• Aim of the exercise: For the material below, the expected output is exactly the lines between the line holding "Alquiler de habitación" and the line holding "Shark PG-D4010X Projector User Manual", inclusive, with pictures left out.

• Data for processing:
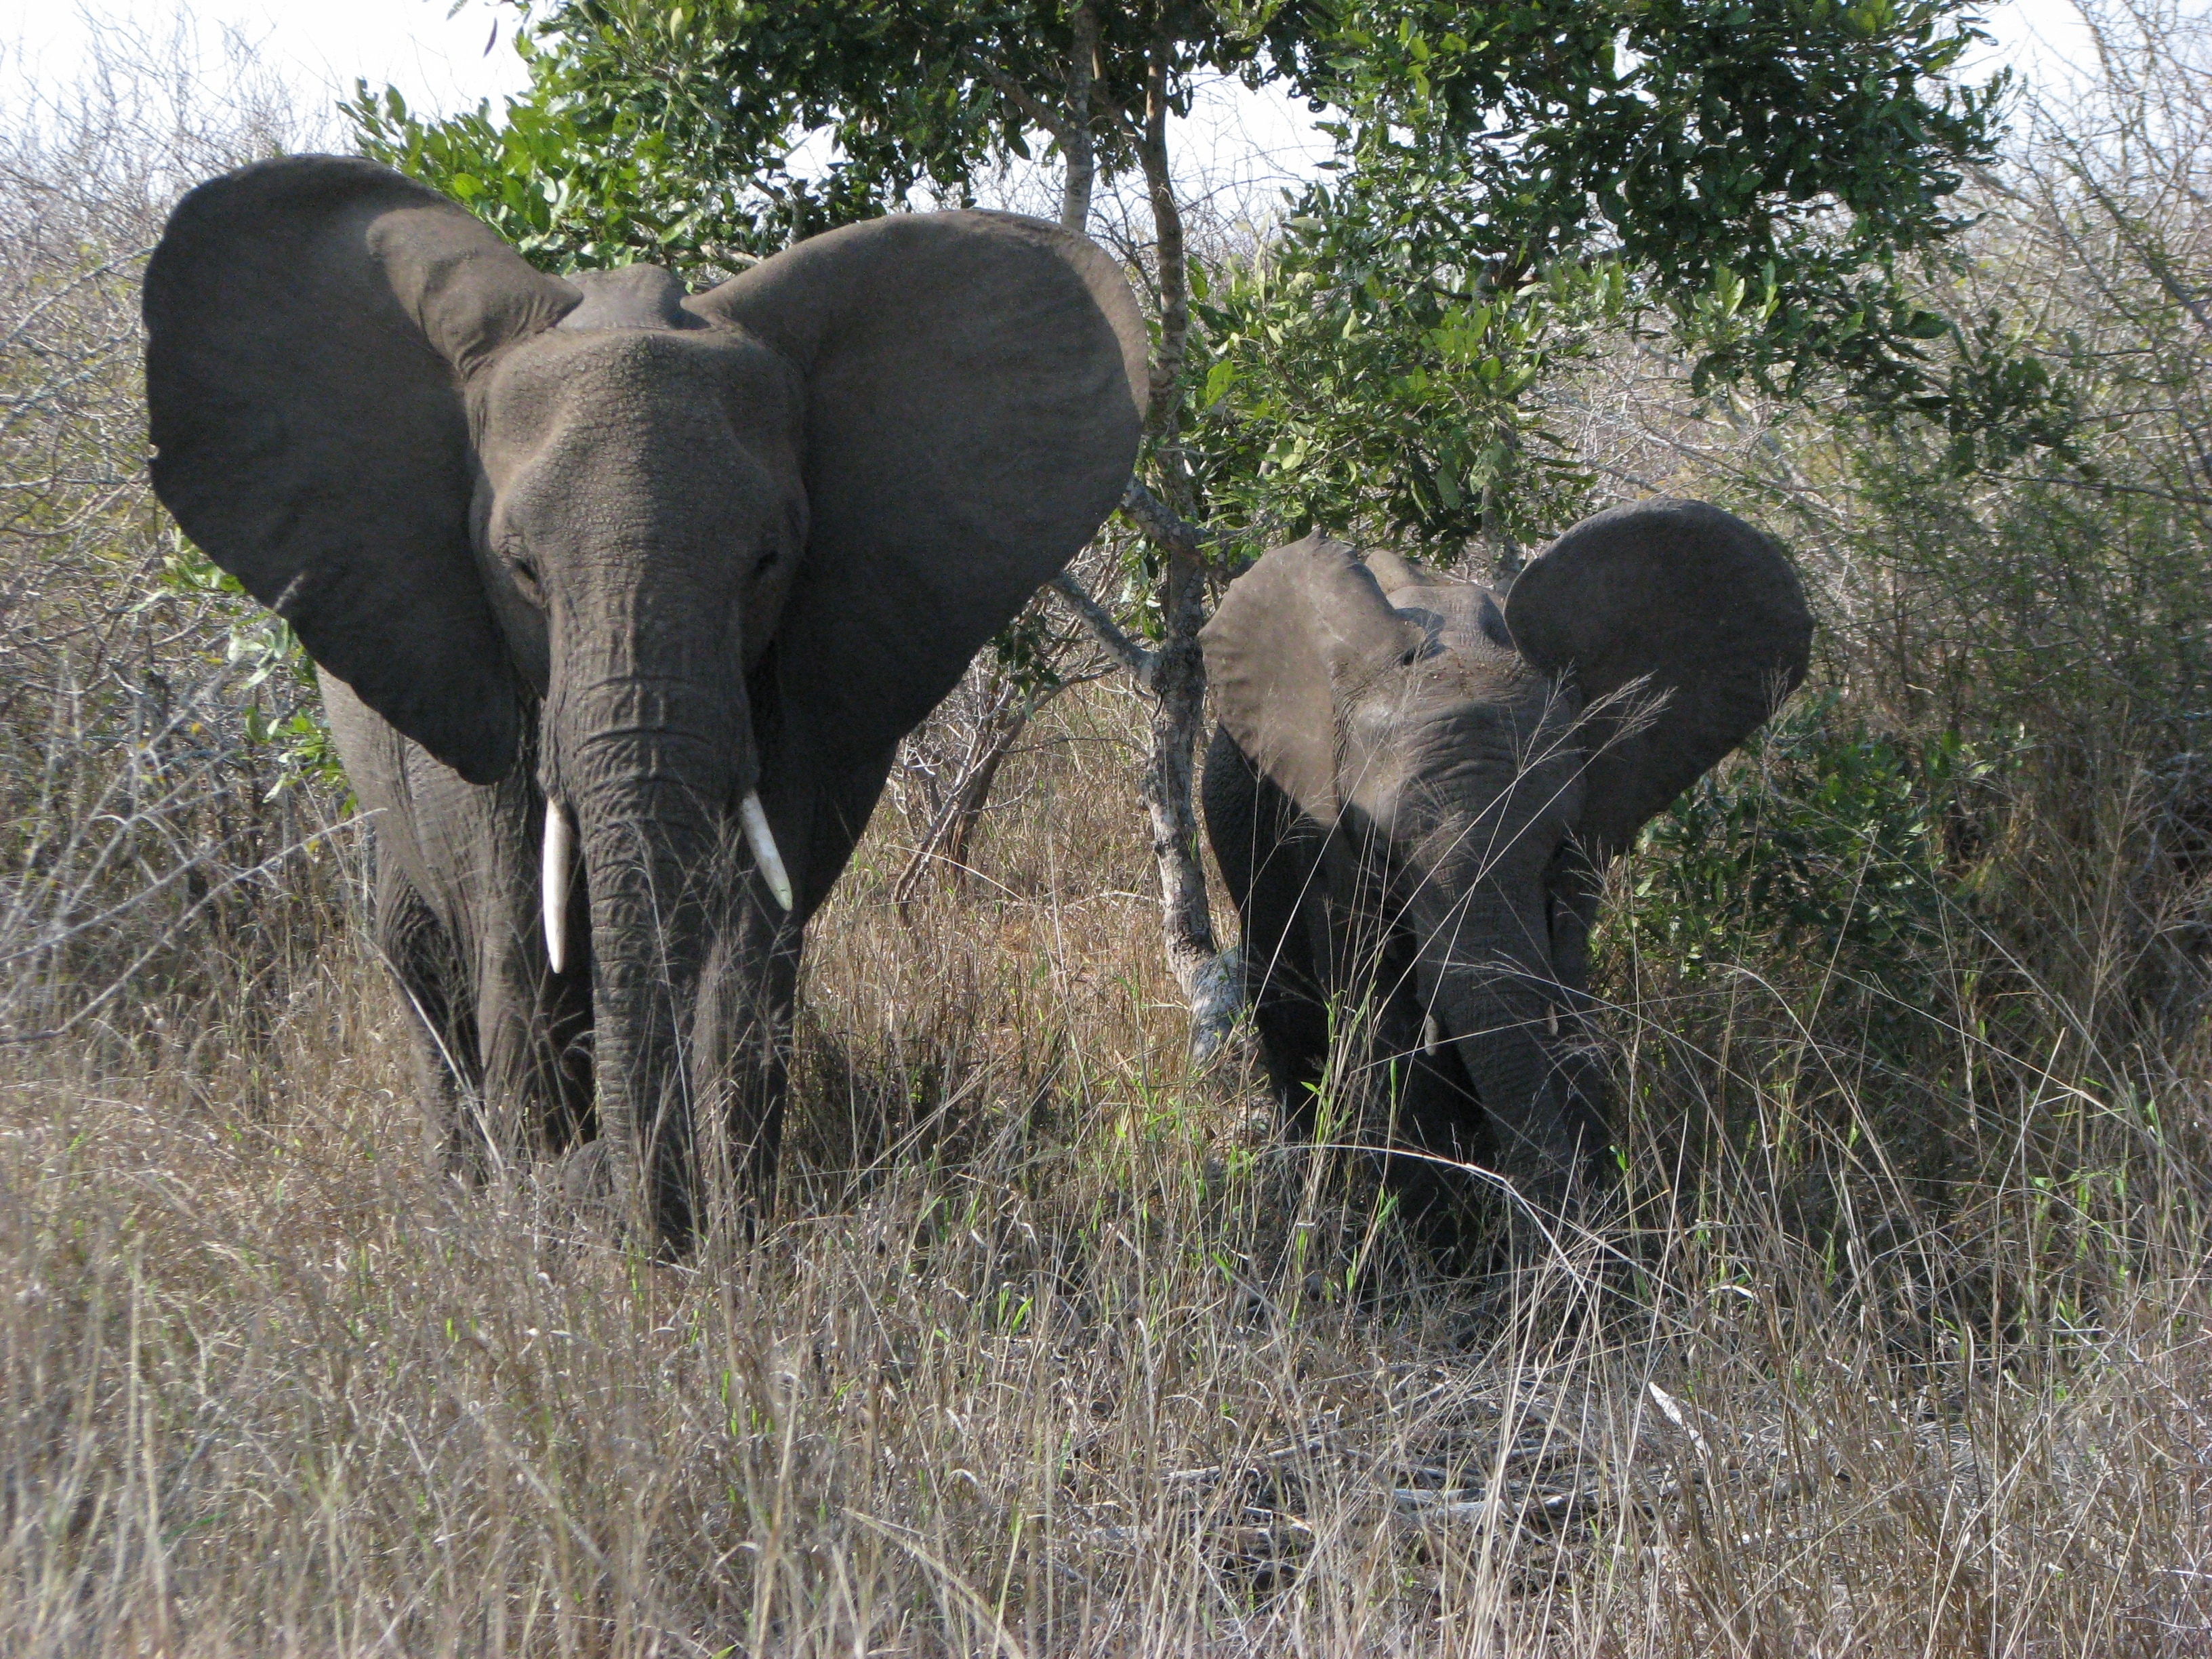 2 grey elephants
* * *
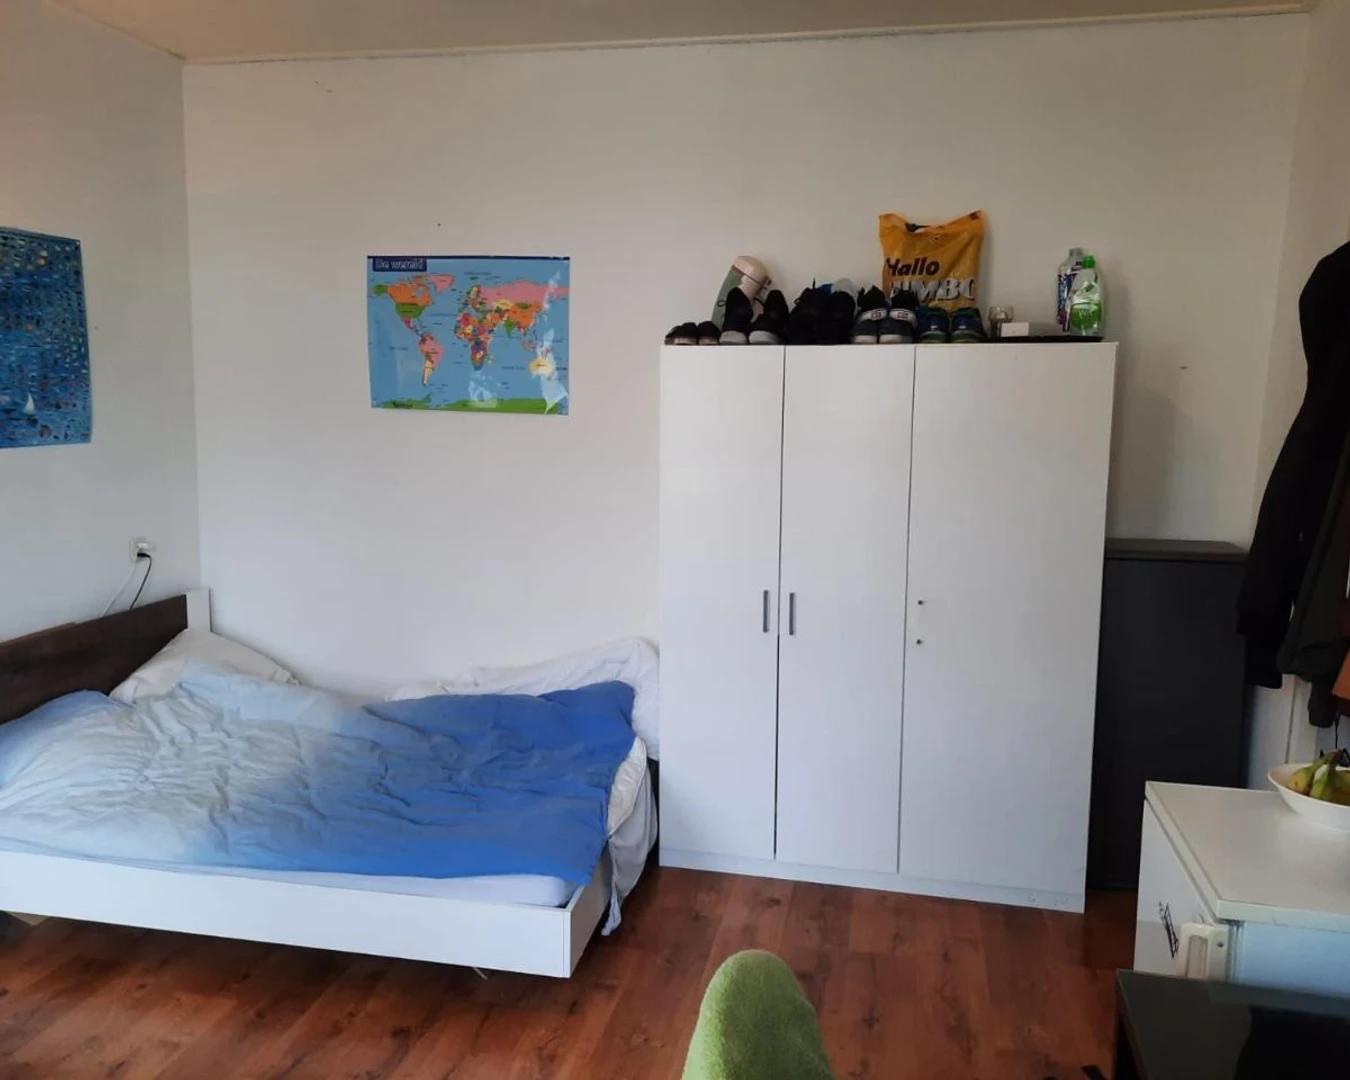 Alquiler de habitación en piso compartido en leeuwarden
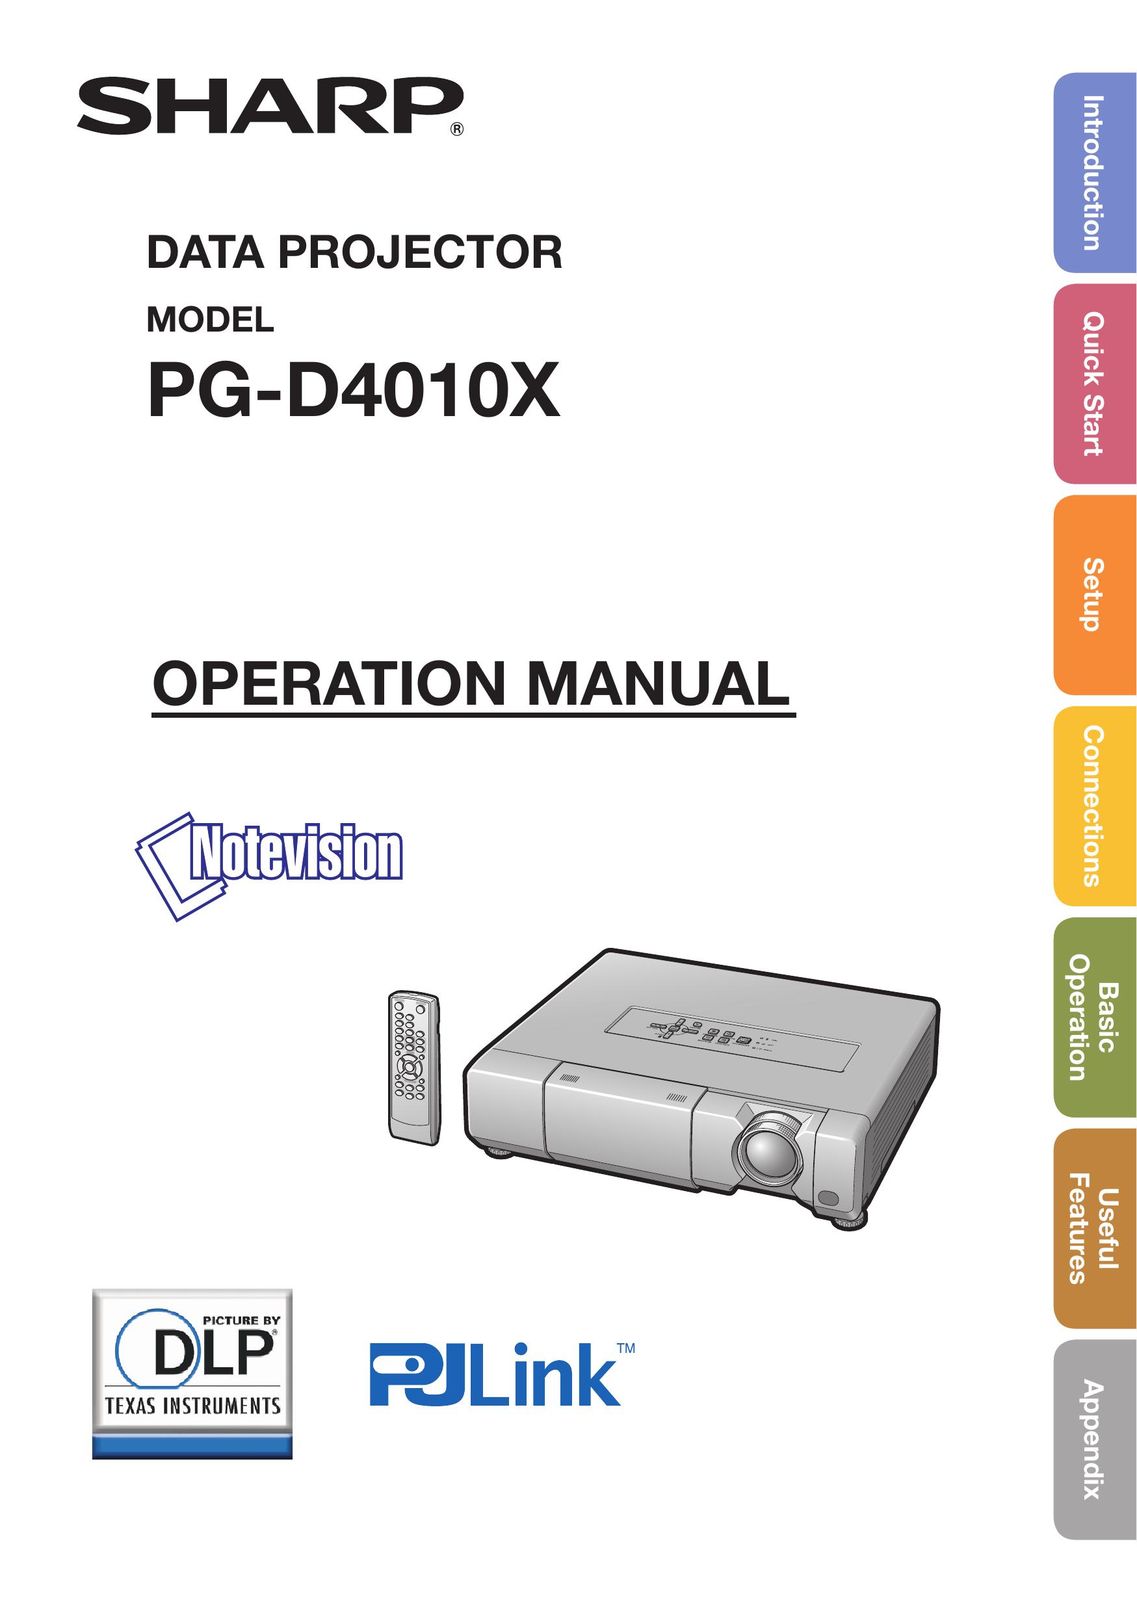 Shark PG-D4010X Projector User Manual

• Reply to the task:
 Alquiler de habitación en piso compartido en leeuwarden
 Shark PG-D4010X Projector User Manual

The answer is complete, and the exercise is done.